When the Amazon S3 outage happened on the east-coast last year, it took a large number of Java cloud apps with it. Others, like Nike’s website, just slowed down. But a few, like Netflix, saw no impact from the Amazon S3 outage at all.
Achieving the level of reliability of Netflix resiliancy with your Java cloud apps requires a willingness to break things, even in production, to see how the app behaves when failure occurs. It also requires a great deal of upfront investment in thinking through Java cloud architectures, service composition, and automating recovery and rollover procedures in case an another Amazon S3 outage occurs. This isn’t necessarily the best investment for enterprises in which a short disruption is embarrassing, but doesn't rise to the level of an unmitigated disaster. In the case of the Amazon S3 outage, no one lost their data, and every Java cloud app that failed had a good excuse for their customers.
To protect against another Amazon S3 outage, here are some best practices to adopt:
Document Java cloud apps and infrastructure
Figure out on which infrastructure applications are running on, and identify which applications are dependent on others. In particular, note keystone applications used by a wide variety of other apps. For instance, In the case of AWS S3, the loss of the metadata management system killed of S3 in the entire region. Greater attention needs to be placed on ensuring the reliability and redundancy of these applications, since their failure could cascade into a larger problem.
See how things break
One of the key elements of Netflix’s strategy is to constantly break things using Chaos Monkey. They are constantly taking production systems, cloud availability zones, databases, and services offline to see the performance impact on other systems. This of course requires a tremendous amount of trust in the engineering. But it also makes it easier to identify the specific breaking points and chains of failure that can cascade through the system.
It’s much easier to test out in the cloud, where developers can economically spin up an accurate mockup of their entire infrastructure. Enterprises can also create models of in-house apps running on expensive hardware using techniques like service virtualization to achieve the same goals.
Creative teams can even have game days to identify novel techniques for breaking systems. Special prizes go to the developer or team that can cause the greatest damage with the smallest change to infrastructure.
It’s also important to determine if application rendering is dependent on third party services for data. Quite a few web apps break when something simple like an ad-insert goes down. A simple experience can be better than none. Take a cue from the Starbucks baristas near my house that served free coffee in 4-ounce cups when their payment server crashed nationwide. The loss of a few gallons of coffee pales in comparison to the loss of goodwill of uncaffeinated customers.
See how Java cloud services bounce back
The process of breaking application infrastructure can also highlight how applications rollover and recover from failure. Mission critical apps might be directly copied to hot backups in other availability zones or even cloud providers. Of course, this requires a lot of investment in data storage, networking, and unused capacity. Less critical apps might simply restart from another instance of the same container.

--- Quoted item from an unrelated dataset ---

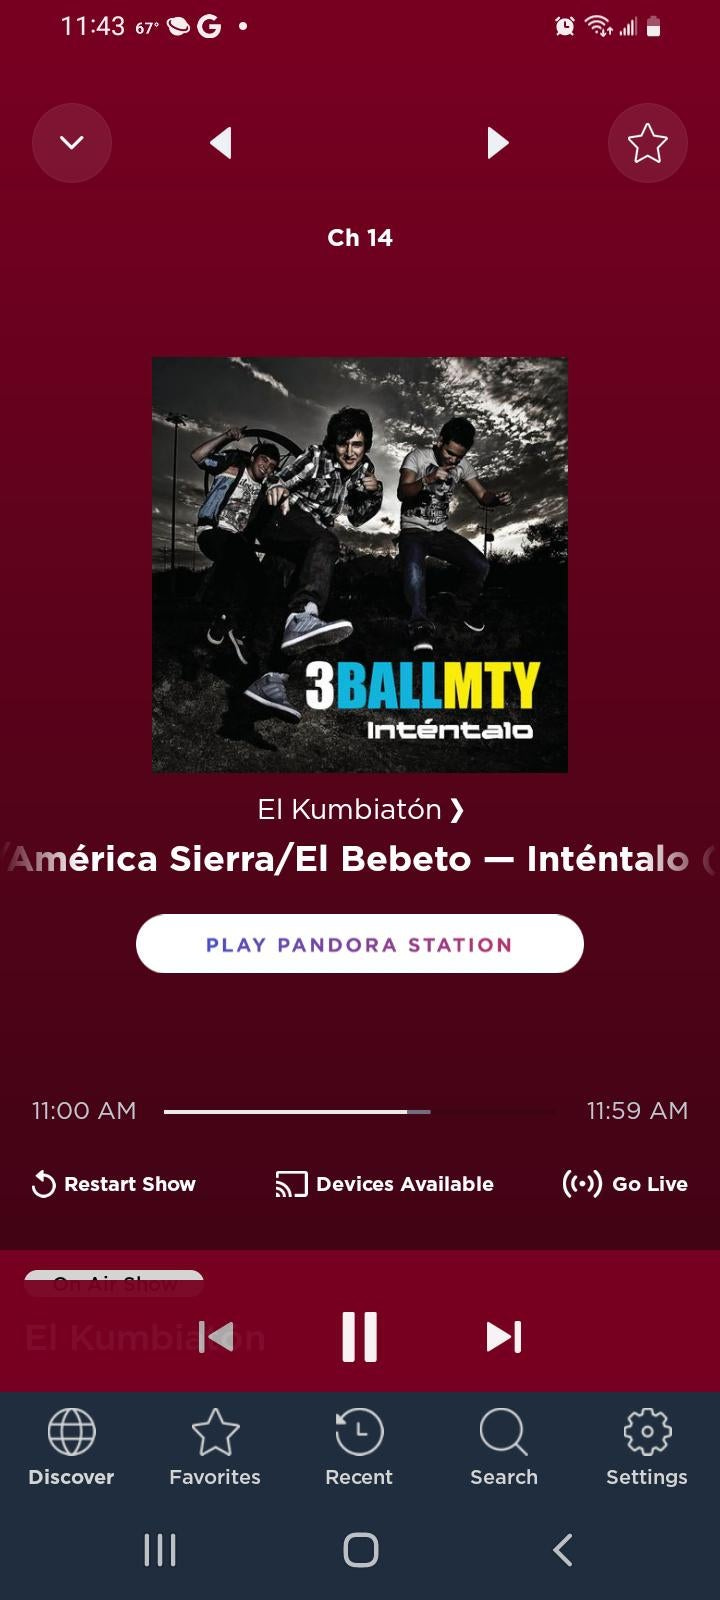 r/siriusxm - Águila is now on Ch 14 for Hispanic Heritage Month replacing Happy Radio

Tools for automating the provisioning and configuring of new instances can dramatically reduce recovery times, but unfortunately, many software architects don't know about the various tools that are available to do this, nor do they understand how they work. Knowing how to uses these tools can make it much easier to scale up to meet unexpected demand.
Fail Java cloud apps gracefully
When services do die, another good practice is to provide mechanisms to provide users some level of functionality. This is easiest on native mobile apps that support their own data store. One of the real tragedies of modern app development, is that few developers take advantage of the caching mechanisms of modern browsers.
This is critical for mobile apps that can be dependent on sporadic networks. But caching can also improve the performance and reliability of desktop applications as well. This requires developers to think through strategies for managing data locally, and for automatically synchronizing data in the background.
Will cloud based performance ever compete with Java scalability and performance on bare metal?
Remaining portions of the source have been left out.